Один только раз случилось так, что она уснула у меня на руках, и я был счастлив, что могу пробыть у нее до утра. Она лежала на спине, разметавшись от июньской жары, и луна освещала ее лицо, во сне несчастное и доброе. Я тоже уснул и проспал до самого восхода солнца, и увидел то, чего прежде не замечал: под веками закрытых ее глаз намечались мелкие морщинки, и я подумал, что нелегкую жизнь она прожила до того, как сблизилась со мною. Да и возраст - все-таки ей двадцать пять.
Шурочка испуганно открыла глаза.
- Что мы наделали? Как ты теперь уйдешь?
- А может быть, не уходить?
- Нельзя.
И все-таки постепенно Шурочка менялась. Все чаще мы сидели просто так, взявшись за руки, и мне казалось, что в полутьме она что-то печально и упорно обдумывает. И, наконец, в одно из воскресений Шурочка согласилась поехать со мною на Казачий остров. Но и на этот раз не обошлось без конспирации. Во-первых, она потребовала, чтобы мы встретились не на пляже, а именно на безлюдном Казачьем острове. Во-вторых, даже здесь она не решалась показываться вместе со мной. Я должен был перебраться вплавь и дожидаться Шурочку, которая переедет на катере.

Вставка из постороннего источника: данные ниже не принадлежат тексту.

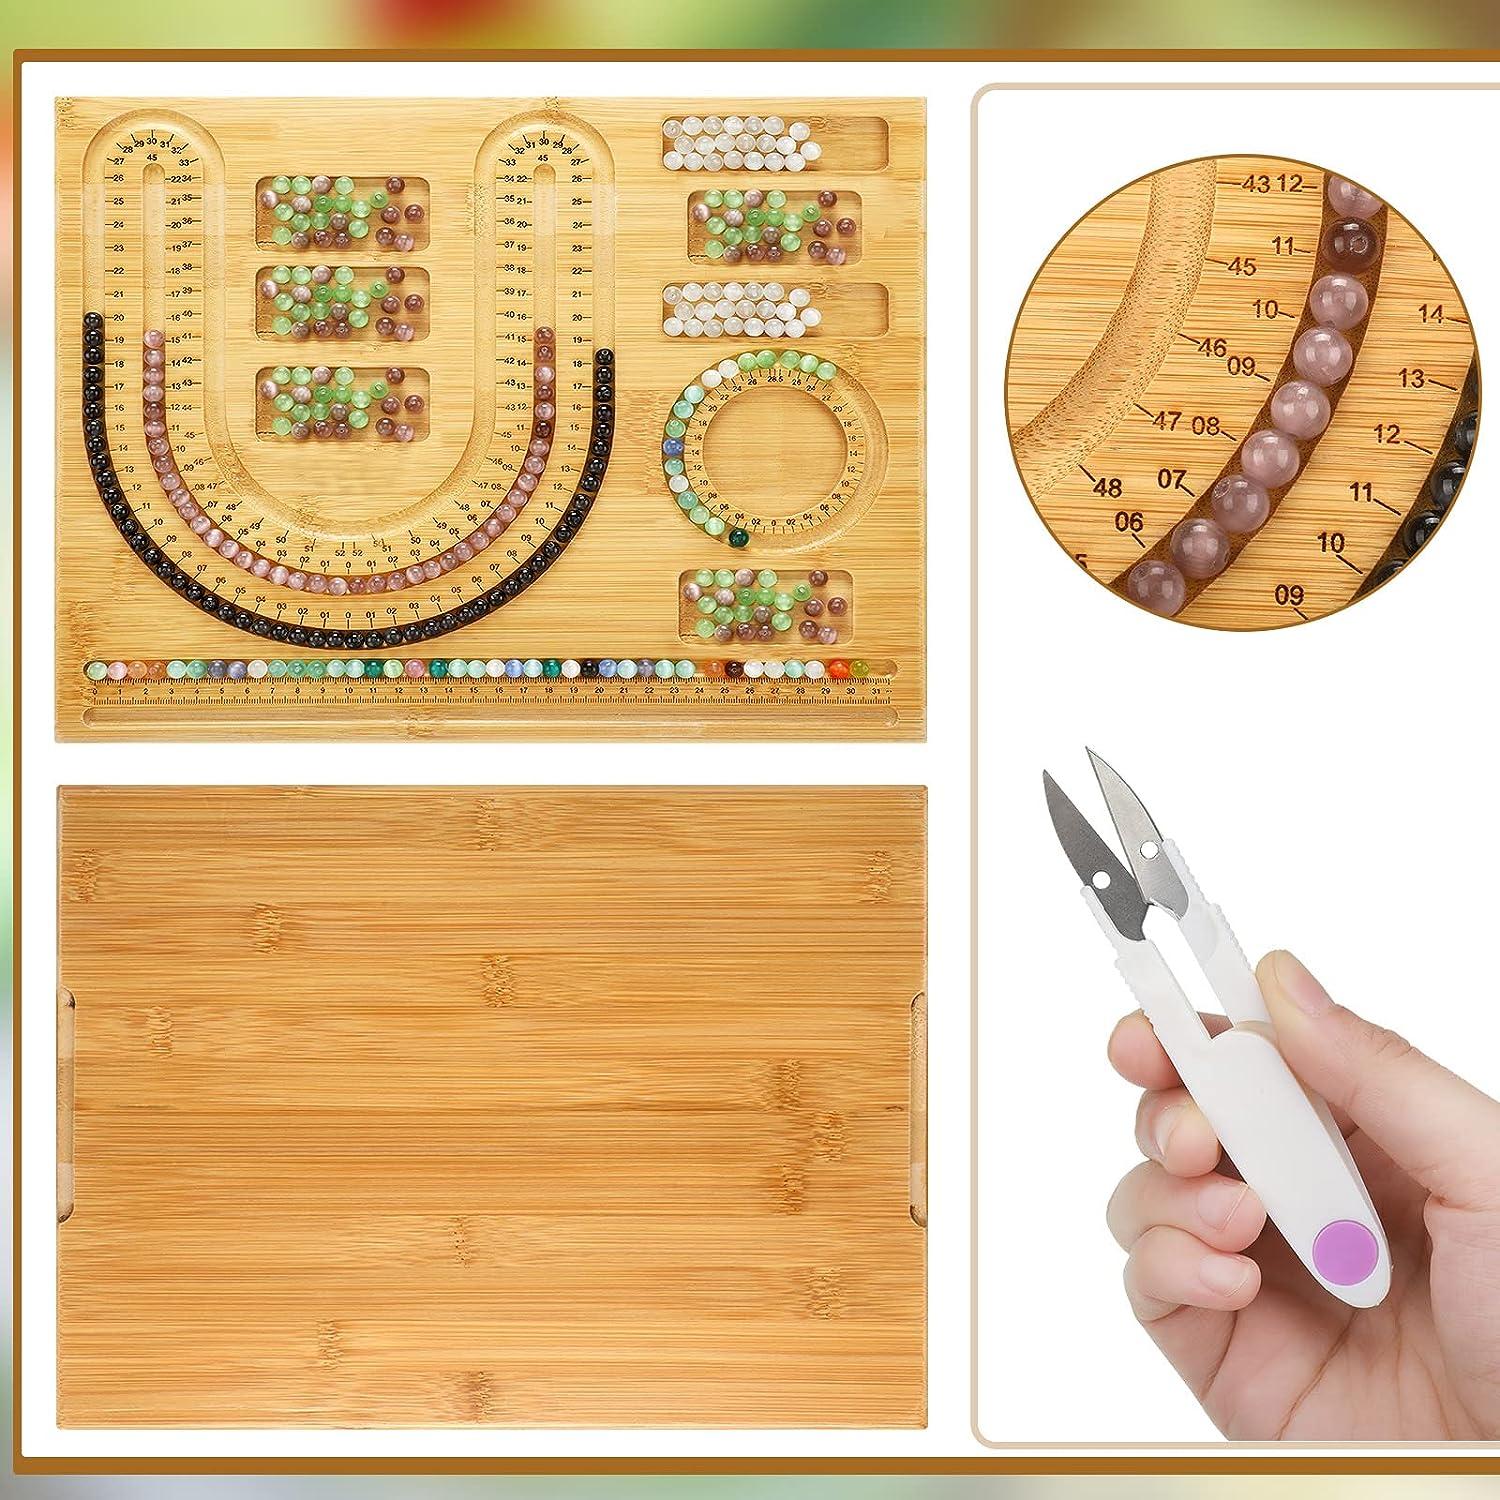 Jutom Bead Design Boards Bead Measuring Board Jewelry Design Mats Beading  Needles Jewelry String for DIY Bracelets Necklaces Craft Supplies Tools Jewelry  Making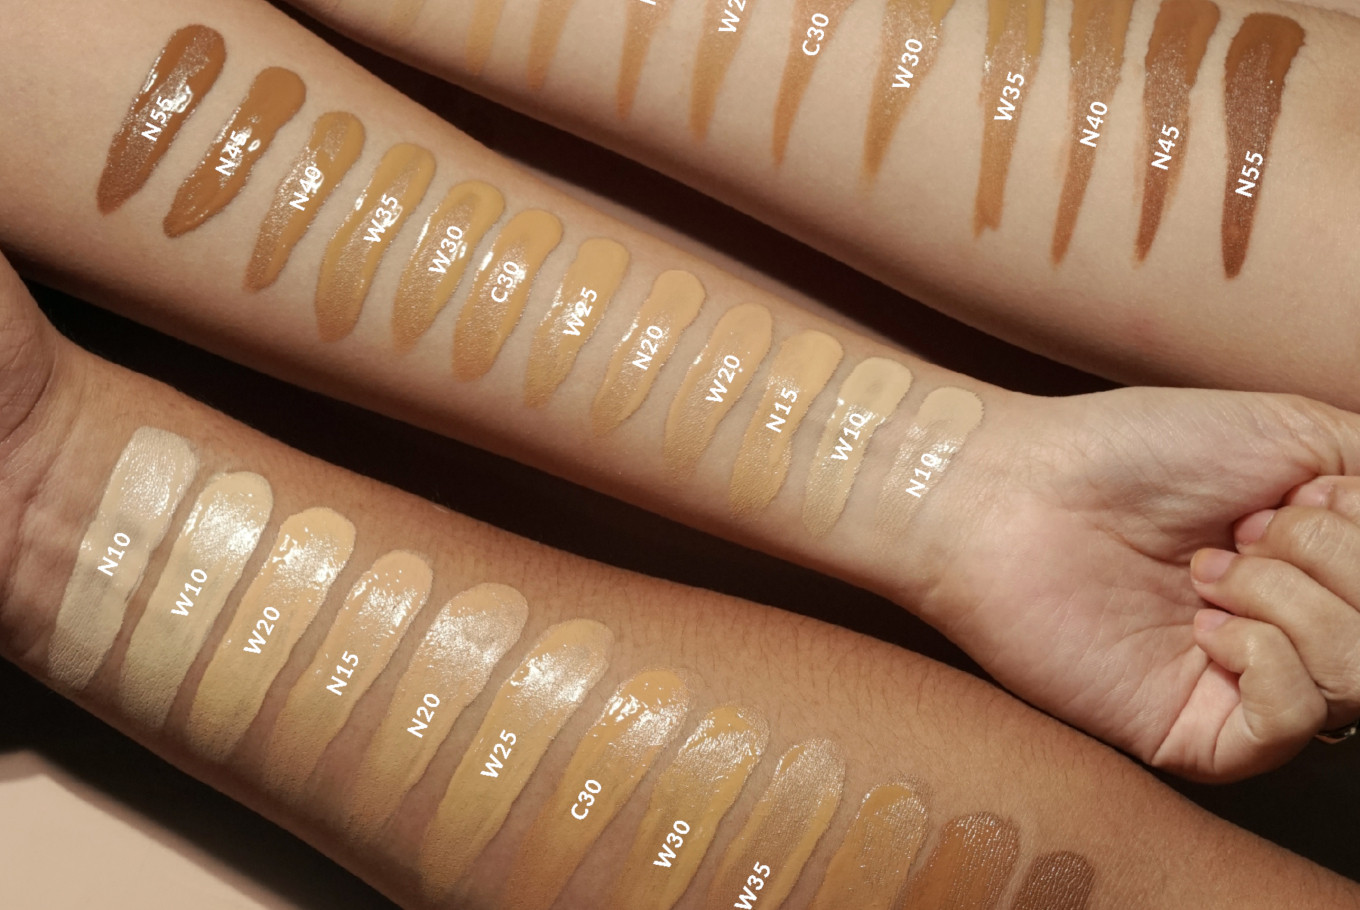 BLP Beauty to launch 7 new foundation shades

Мы точно договорились о времени, но меня разбирало нетерпение, и я переплыл на остров часа за полтора до назначенного срока. На острове было хорошо, как всегда - пустынно и ветрено. Я сидел на песке и думал, что когда придется умирать, то, наверное, больше всего будет жалко покидать вот эти пустынные волжские просторы.
Я увидел ее издали и засмеялся от радости - я так боялся, что она не явится, что в последний момент выдумает какую-нибудь причину. Она шла босиком у самой воды, твердой кромкой мокрого песка. В одной руке несла свои новые белые туфли, в другой авоську с продуктами. Авоська особенно тронула меня - в этом было нечто семейное, новая близость.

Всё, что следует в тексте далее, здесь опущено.